US Coins

Monday Morning Brief for Aug. 7, 2023: Hobby Protection Act

This replica 1,000-unit Nova Constellatio pattern is an unmarked copy of the unique original struck in silver and is of minimal value, not worth anywhere close to $1,500. The Hobby Protection Act of 1973 would regulate such imitations.

Coin World image archives.

A lot was happening legislatively concerning coin collecting 50 years ago. Congress was considering various measures that drew collector support: the authorization of special coin designs celebrating the upcoming national Bicentennial; lifting barriers to gold ownership imposed during the Great Depression; and requiring producers of imitation numismatic and political items to mark their wares as copies.

What became the Hobby Protection Act of 1973 was sorely needed. The marketplace  was filled with copies of Colonial- and Confederation-era coins, tokens, paper money, and more, and almost none of these items were identified as being imitations. That was a problem.

Coin World’s daily mail was filled with inquiries from readers asking whether their 1787 Brasher doubloon, Massachusetts coppers, and New Jersey coppers were the real thing. Almost invariably, they were modern copies — cast, crude, “pot metal” pieces of no collector value — of coins, tokens, and notes not produced by the Bureau of the Mint.

Illicit copies of Mint coinage existed, of course. They were counterfeits, and anti-counterfeiting laws were in place to regulate those numismatic imitations. No such legal protection was afforded to copies of non-federal coinage and notes, and it was not unknown for the unscrupulous to offer these fakes as the real thing.

These fakes existed in the hundreds of thousands if not millions of pieces. I remember as a new staff member in 1976 and 1977, serving in the Collectors’ Clearinghouse department, answering inquiries every week regarding such items, readers wanting to know if they owned one of the great rarities listed in the front section of the “Red Book,” where those pieces are cataloged before the sections for the federal half cents and large cents.
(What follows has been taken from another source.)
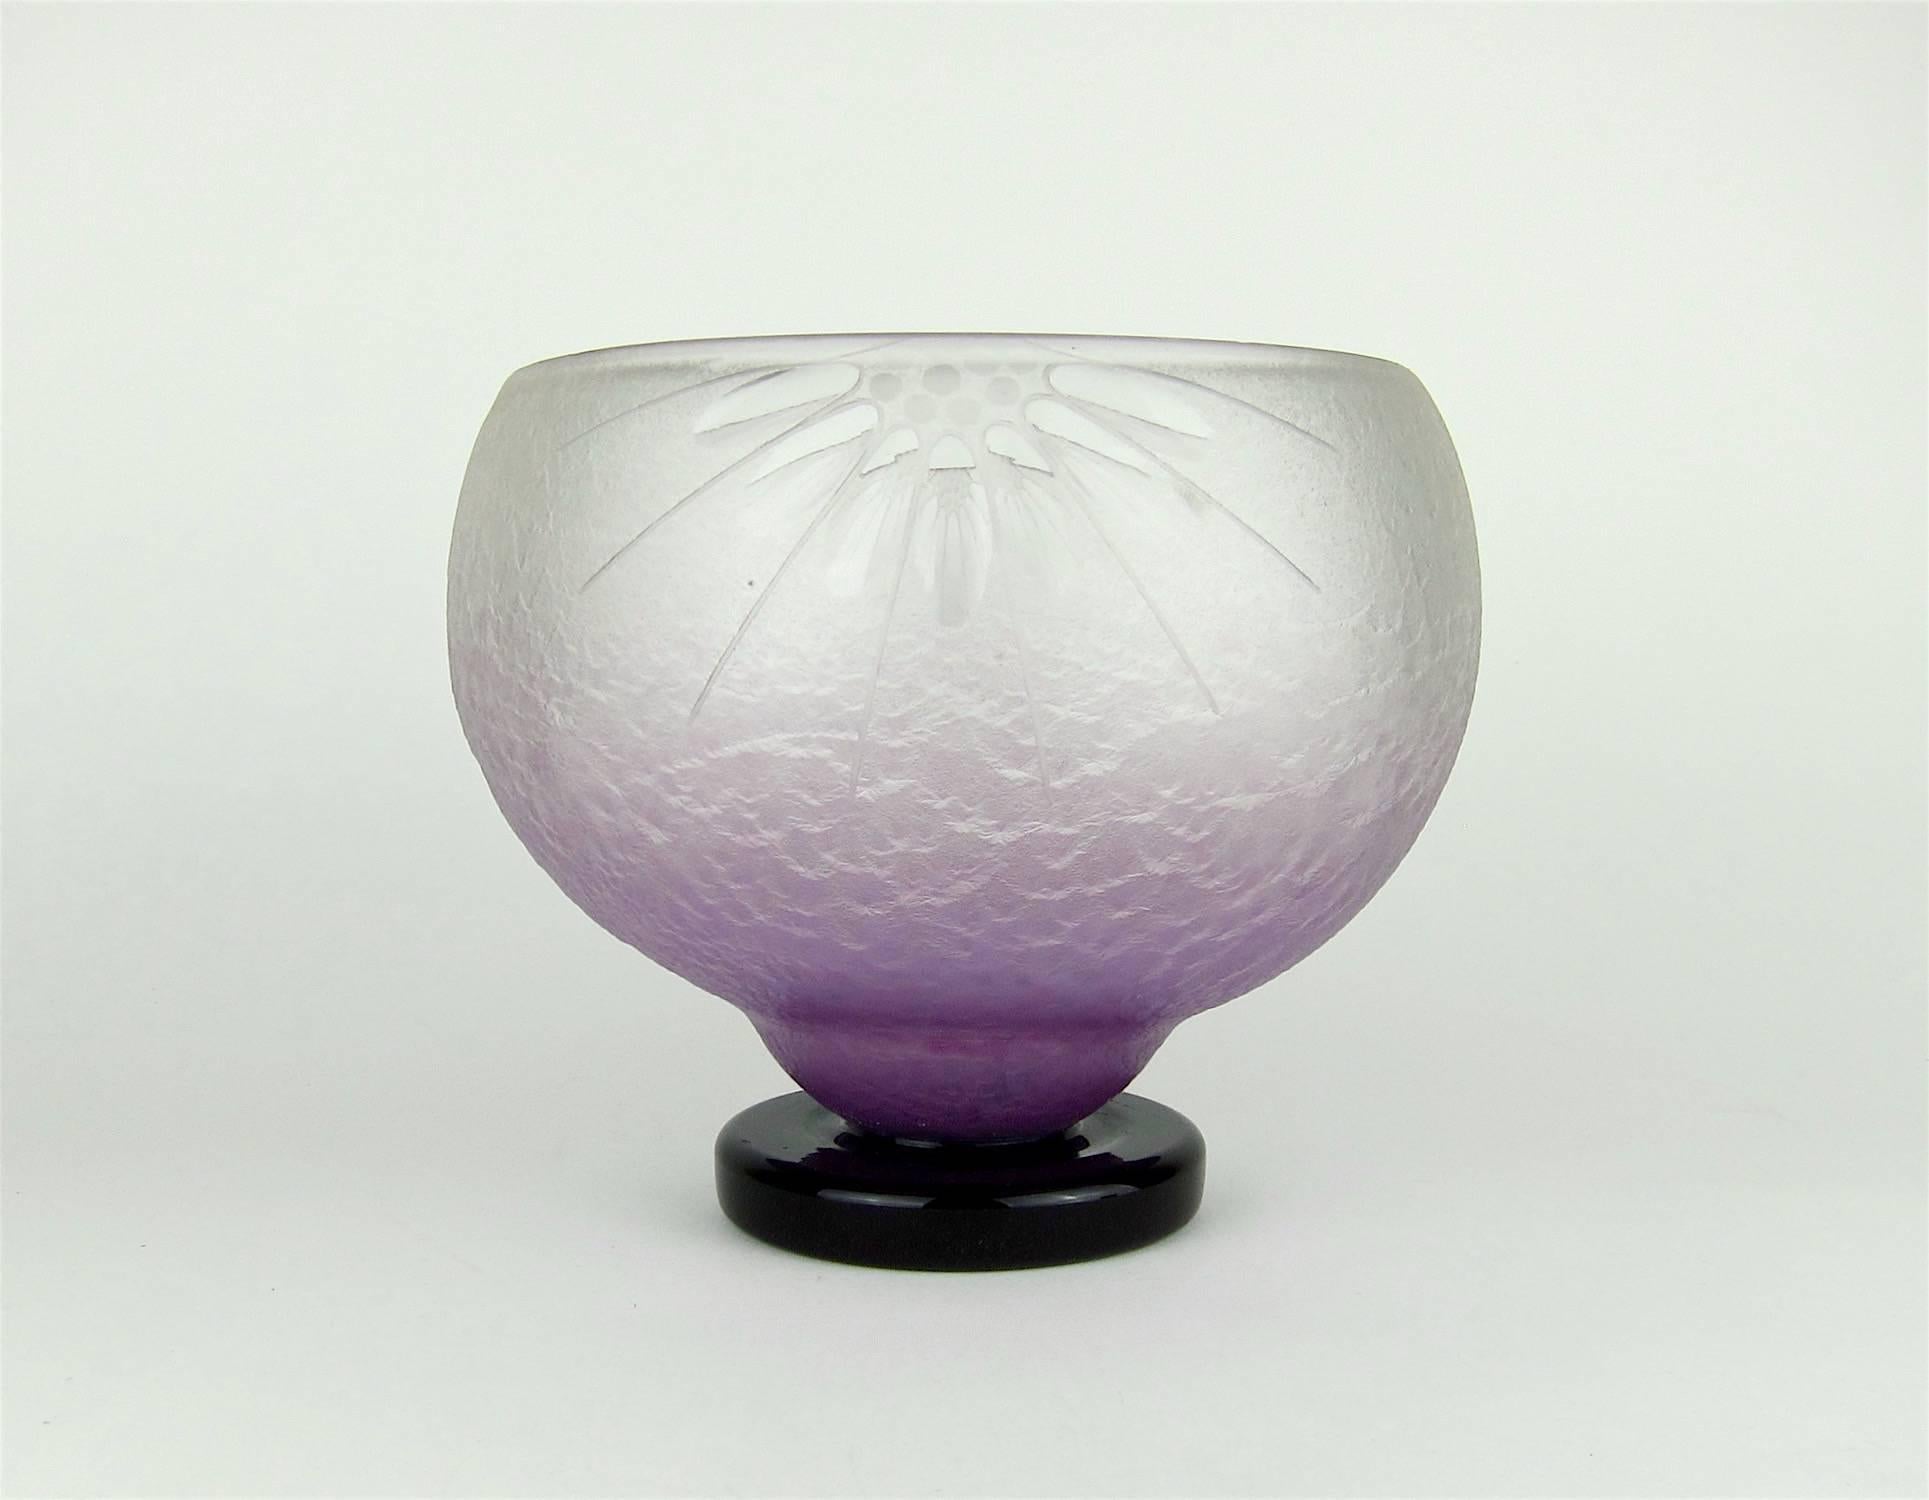 A large and spherical Art Deco vase raised on a circular slab foot by Schneider Art Glass of France, circa 1928. The thick walled and textured design resembles melting ice with a wheel-cut sunburst pattern radiating outward from the upper rim. The

The Hobby Protection Act was aimed at these imitation issues and was strongly supported by the hobby leadership. The act did not make the issuance of such materials illegal, but it did require each piece to be marked with the word COPY. While passage of the act later in 1973 did not end production of imitation numismatic items, their numbers seem to have dropped, though unmarked  pre-1973 pieces continued to haunt the marketplace for years. Passage of the act was a major victory for the collecting community and remains in effect today.